Me siento un rato a terminar las tareas del colegio con los niños y después subo a mi habitación a cambiarme de ropa. Hace un rato he recibido un mensaje de Alberto en el que me informaba de que llegaría un poco más tarde porque le había surgido una reunión inesperada. «¿De verdad se ha creído que Constanza no iba a decirme nada? ¿Cómo puede ser tan iluso?». Un agudo pinchazo en la sien me avisa de que debo tomarme la famosa pastilla que logra frenar mi inminente migraña, antes de que esta me devore el sentido. Decido cenar temprano con los niños, pues ignoro el tiempo que se demorará Alberto en su charla con Constanza.

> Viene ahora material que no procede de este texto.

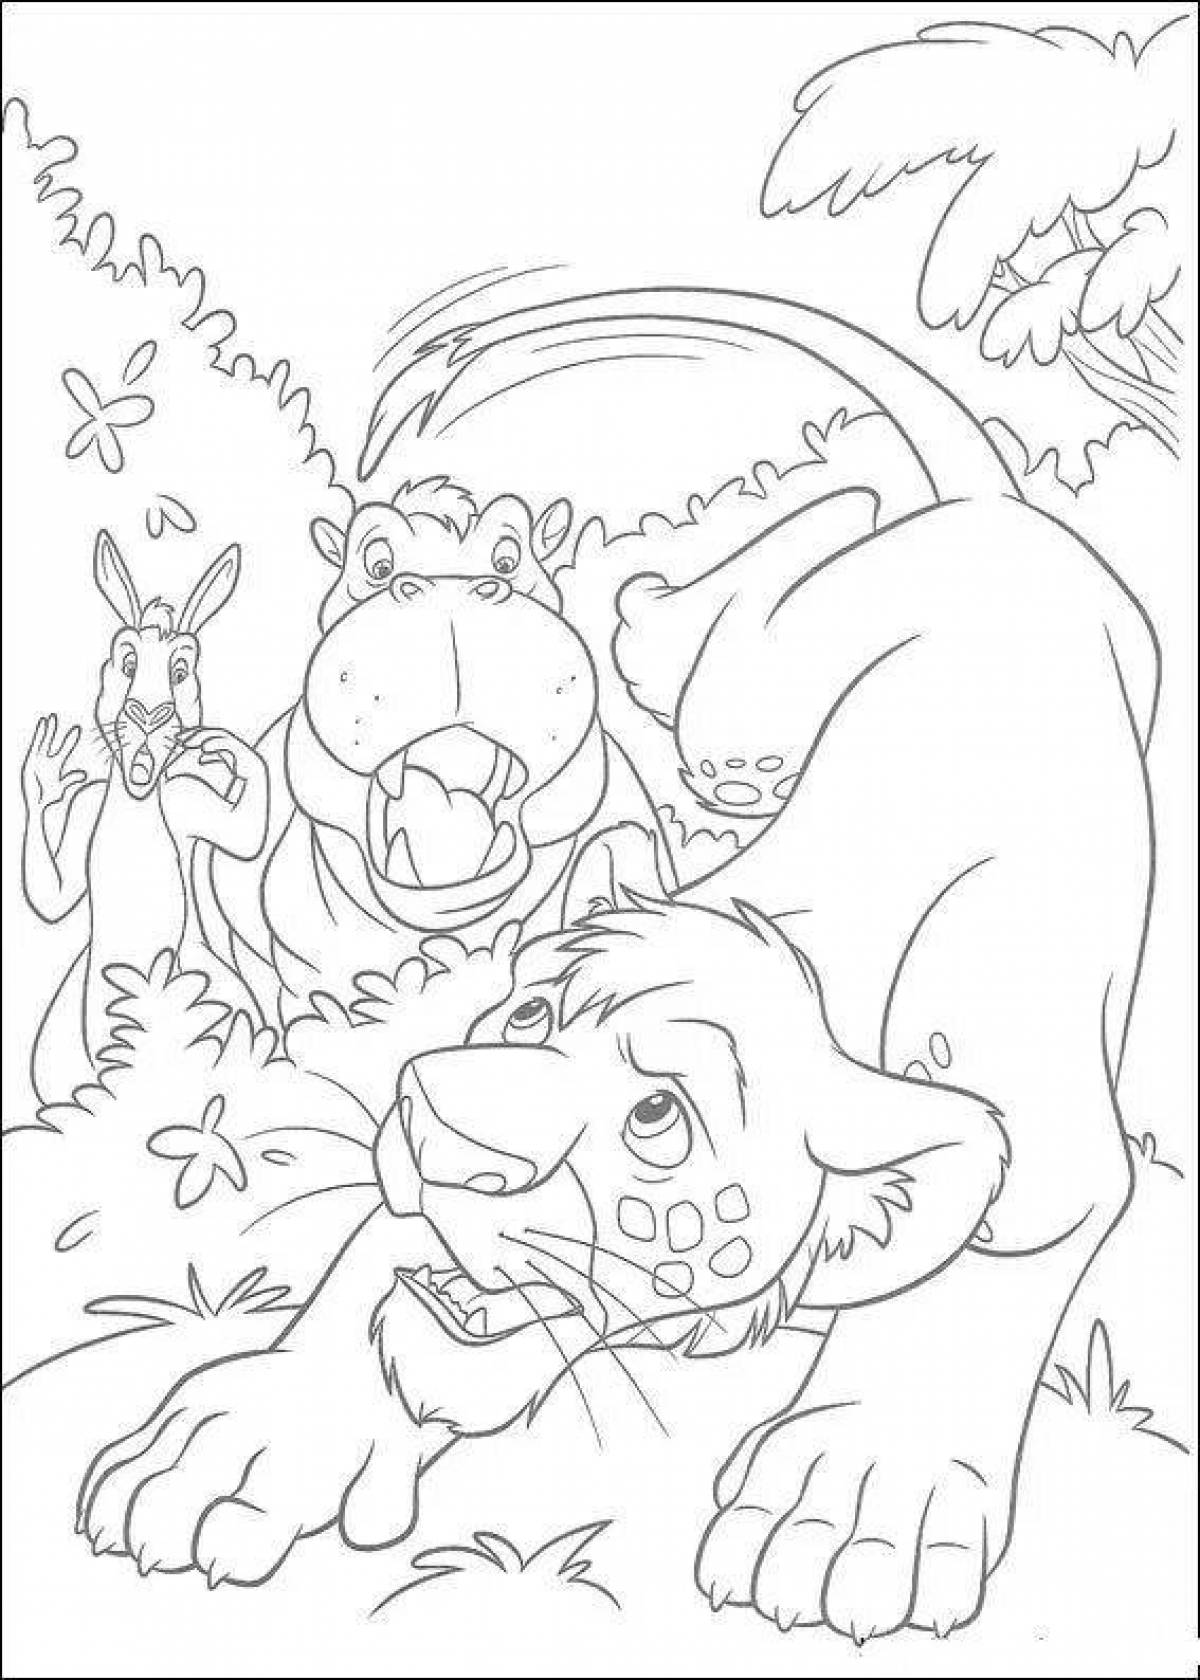 Colorful big adventure coloring page

A las diez de la noche, ya con mis hijos durmiendo y Alberto aún sin aparecer, decido subir a mi dormitorio. Sin un solo ruido en la casa y con la habitación totalmente a oscuras, cierro los ojos en espera de que la pastilla y la quietud mitiguen el agudo dolor que machaca despiadadamente la parte izquierda de mi cabeza y que ha dejado parcialmente nublada la visión de uno de mis ojos. Como siga así, voy a tener que echar mano del contundente compuesto que me recetó para estos casos don Luis, mi médico de confianza, aun conociendo su aplanador efecto durante todo el día siguiente.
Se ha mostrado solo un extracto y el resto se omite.